[Start of Attachment]
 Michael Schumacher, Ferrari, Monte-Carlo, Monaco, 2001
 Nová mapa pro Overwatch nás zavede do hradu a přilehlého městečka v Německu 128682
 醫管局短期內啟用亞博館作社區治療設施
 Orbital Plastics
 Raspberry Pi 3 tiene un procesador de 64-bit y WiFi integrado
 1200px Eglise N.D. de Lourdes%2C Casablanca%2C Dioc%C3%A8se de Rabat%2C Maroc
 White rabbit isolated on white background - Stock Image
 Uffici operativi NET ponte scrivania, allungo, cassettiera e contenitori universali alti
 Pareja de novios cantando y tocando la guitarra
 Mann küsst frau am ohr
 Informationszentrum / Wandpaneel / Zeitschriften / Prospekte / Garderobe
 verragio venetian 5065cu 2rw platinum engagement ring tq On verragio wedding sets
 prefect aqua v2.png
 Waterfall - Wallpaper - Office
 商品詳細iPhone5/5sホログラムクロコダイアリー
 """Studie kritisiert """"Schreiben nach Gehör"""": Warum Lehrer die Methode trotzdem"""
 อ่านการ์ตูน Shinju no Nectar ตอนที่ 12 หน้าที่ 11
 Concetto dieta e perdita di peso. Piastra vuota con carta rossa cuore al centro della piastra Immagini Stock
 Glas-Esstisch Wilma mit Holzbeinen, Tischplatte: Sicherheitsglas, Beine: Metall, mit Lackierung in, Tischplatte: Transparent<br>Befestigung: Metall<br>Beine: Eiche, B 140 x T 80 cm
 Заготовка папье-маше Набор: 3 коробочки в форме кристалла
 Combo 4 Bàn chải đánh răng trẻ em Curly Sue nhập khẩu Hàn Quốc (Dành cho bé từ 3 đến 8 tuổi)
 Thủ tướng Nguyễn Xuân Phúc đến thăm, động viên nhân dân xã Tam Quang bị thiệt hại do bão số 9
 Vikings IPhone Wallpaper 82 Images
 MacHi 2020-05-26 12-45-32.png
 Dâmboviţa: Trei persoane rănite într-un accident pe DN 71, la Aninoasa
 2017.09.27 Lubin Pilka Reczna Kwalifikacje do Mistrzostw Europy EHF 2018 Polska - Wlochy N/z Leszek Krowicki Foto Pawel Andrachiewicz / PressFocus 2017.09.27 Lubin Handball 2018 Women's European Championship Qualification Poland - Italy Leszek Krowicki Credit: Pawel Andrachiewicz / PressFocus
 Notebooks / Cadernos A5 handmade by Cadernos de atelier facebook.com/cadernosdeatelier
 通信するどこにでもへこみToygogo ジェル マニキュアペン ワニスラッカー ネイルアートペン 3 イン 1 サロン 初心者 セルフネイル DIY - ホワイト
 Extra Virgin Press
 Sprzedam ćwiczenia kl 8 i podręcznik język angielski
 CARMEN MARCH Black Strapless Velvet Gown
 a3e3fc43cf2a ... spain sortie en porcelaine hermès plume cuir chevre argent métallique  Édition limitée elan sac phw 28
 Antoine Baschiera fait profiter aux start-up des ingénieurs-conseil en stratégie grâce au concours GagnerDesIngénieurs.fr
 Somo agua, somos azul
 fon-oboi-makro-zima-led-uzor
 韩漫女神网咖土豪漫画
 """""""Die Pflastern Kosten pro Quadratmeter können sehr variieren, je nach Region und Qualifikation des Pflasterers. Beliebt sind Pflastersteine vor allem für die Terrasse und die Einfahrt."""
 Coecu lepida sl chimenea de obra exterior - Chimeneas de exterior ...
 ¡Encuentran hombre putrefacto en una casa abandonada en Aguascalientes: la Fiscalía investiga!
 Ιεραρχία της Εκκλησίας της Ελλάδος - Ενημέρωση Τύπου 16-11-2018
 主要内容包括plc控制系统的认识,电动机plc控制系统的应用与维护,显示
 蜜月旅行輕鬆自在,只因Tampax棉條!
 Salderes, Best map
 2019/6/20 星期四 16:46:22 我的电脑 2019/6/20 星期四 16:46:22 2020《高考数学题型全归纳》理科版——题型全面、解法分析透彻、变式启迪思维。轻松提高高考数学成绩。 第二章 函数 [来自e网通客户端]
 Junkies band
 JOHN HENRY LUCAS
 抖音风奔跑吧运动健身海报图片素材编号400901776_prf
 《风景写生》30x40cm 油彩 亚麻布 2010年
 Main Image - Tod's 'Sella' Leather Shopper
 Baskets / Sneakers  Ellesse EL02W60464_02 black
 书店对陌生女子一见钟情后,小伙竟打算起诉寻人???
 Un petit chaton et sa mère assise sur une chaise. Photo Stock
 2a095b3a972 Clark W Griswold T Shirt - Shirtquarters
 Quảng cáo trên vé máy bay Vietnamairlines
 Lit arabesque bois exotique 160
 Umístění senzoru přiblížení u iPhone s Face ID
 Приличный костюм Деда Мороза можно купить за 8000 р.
[End of Attachment]
Set down the records again verbatim, so that each word stays as it is.

 Michael Schumacher, Ferrari, Monte-Carlo, Monaco, 2001
 Nová mapa pro Overwatch nás zavede do hradu a přilehlého městečka v Německu 128682
 醫管局短期內啟用亞博館作社區治療設施
 Orbital Plastics
 Raspberry Pi 3 tiene un procesador de 64-bit y WiFi integrado
 1200px Eglise N.D. de Lourdes%2C Casablanca%2C Dioc%C3%A8se de Rabat%2C Maroc
 White rabbit isolated on white background - Stock Image
 Uffici operativi NET ponte scrivania, allungo, cassettiera e contenitori universali alti
 Pareja de novios cantando y tocando la guitarra
 Mann küsst frau am ohr
 Informationszentrum / Wandpaneel / Zeitschriften / Prospekte / Garderobe
 verragio venetian 5065cu 2rw platinum engagement ring tq On verragio wedding sets
 prefect aqua v2.png
 Waterfall - Wallpaper - Office
 商品詳細iPhone5/5sホログラムクロコダイアリー
 """Studie kritisiert """"Schreiben nach Gehör"""": Warum Lehrer die Methode trotzdem"""
 อ่านการ์ตูน Shinju no Nectar ตอนที่ 12 หน้าที่ 11
 Concetto dieta e perdita di peso. Piastra vuota con carta rossa cuore al centro della piastra Immagini Stock
 Glas-Esstisch Wilma mit Holzbeinen, Tischplatte: Sicherheitsglas, Beine: Metall, mit Lackierung in, Tischplatte: Transparent<br>Befestigung: Metall<br>Beine: Eiche, B 140 x T 80 cm
 Заготовка папье-маше Набор: 3 коробочки в форме кристалла
 Combo 4 Bàn chải đánh răng trẻ em Curly Sue nhập khẩu Hàn Quốc (Dành cho bé từ 3 đến 8 tuổi)
 Thủ tướng Nguyễn Xuân Phúc đến thăm, động viên nhân dân xã Tam Quang bị thiệt hại do bão số 9
 Vikings IPhone Wallpaper 82 Images
 MacHi 2020-05-26 12-45-32.png
 Dâmboviţa: Trei persoane rănite într-un accident pe DN 71, la Aninoasa
 2017.09.27 Lubin Pilka Reczna Kwalifikacje do Mistrzostw Europy EHF 2018 Polska - Wlochy N/z Leszek Krowicki Foto Pawel Andrachiewicz / PressFocus 2017.09.27 Lubin Handball 2018 Women's European Championship Qualification Poland - Italy Leszek Krowicki Credit: Pawel Andrachiewicz / PressFocus
 Notebooks / Cadernos A5 handmade by Cadernos de atelier facebook.com/cadernosdeatelier
 通信するどこにでもへこみToygogo ジェル マニキュアペン ワニスラッカー ネイルアートペン 3 イン 1 サロン 初心者 セルフネイル DIY - ホワイト
 Extra Virgin Press
 Sprzedam ćwiczenia kl 8 i podręcznik język angielski
 CARMEN MARCH Black Strapless Velvet Gown
 a3e3fc43cf2a ... spain sortie en porcelaine hermès plume cuir chevre argent métallique  Édition limitée elan sac phw 28
 Antoine Baschiera fait profiter aux start-up des ingénieurs-conseil en stratégie grâce au concours GagnerDesIngénieurs.fr
 Somo agua, somos azul
 fon-oboi-makro-zima-led-uzor
 韩漫女神网咖土豪漫画
 """""""Die Pflastern Kosten pro Quadratmeter können sehr variieren, je nach Region und Qualifikation des Pflasterers. Beliebt sind Pflastersteine vor allem für die Terrasse und die Einfahrt."""
 Coecu lepida sl chimenea de obra exterior - Chimeneas de exterior ...
 ¡Encuentran hombre putrefacto en una casa abandonada en Aguascalientes: la Fiscalía investiga!
 Ιεραρχία της Εκκλησίας της Ελλάδος - Ενημέρωση Τύπου 16-11-2018
 主要内容包括plc控制系统的认识,电动机plc控制系统的应用与维护,显示
 蜜月旅行輕鬆自在,只因Tampax棉條!
 Salderes, Best map
 2019/6/20 星期四 16:46:22 我的电脑 2019/6/20 星期四 16:46:22 2020《高考数学题型全归纳》理科版——题型全面、解法分析透彻、变式启迪思维。轻松提高高考数学成绩。 第二章 函数 [来自e网通客户端]
 Junkies band
 JOHN HENRY LUCAS
 抖音风奔跑吧运动健身海报图片素材编号400901776_prf
 《风景写生》30x40cm 油彩 亚麻布 2010年
 Main Image - Tod's 'Sella' Leather Shopper
 Baskets / Sneakers  Ellesse EL02W60464_02 black
 书店对陌生女子一见钟情后,小伙竟打算起诉寻人???
 Un petit chaton et sa mère assise sur une chaise. Photo Stock
 2a095b3a972 Clark W Griswold T Shirt - Shirtquarters
 Quảng cáo trên vé máy bay Vietnamairlines
 Lit arabesque bois exotique 160
 Umístění senzoru přiblížení u iPhone s Face ID
 Приличный костюм Деда Мороза можно купить за 8000 р.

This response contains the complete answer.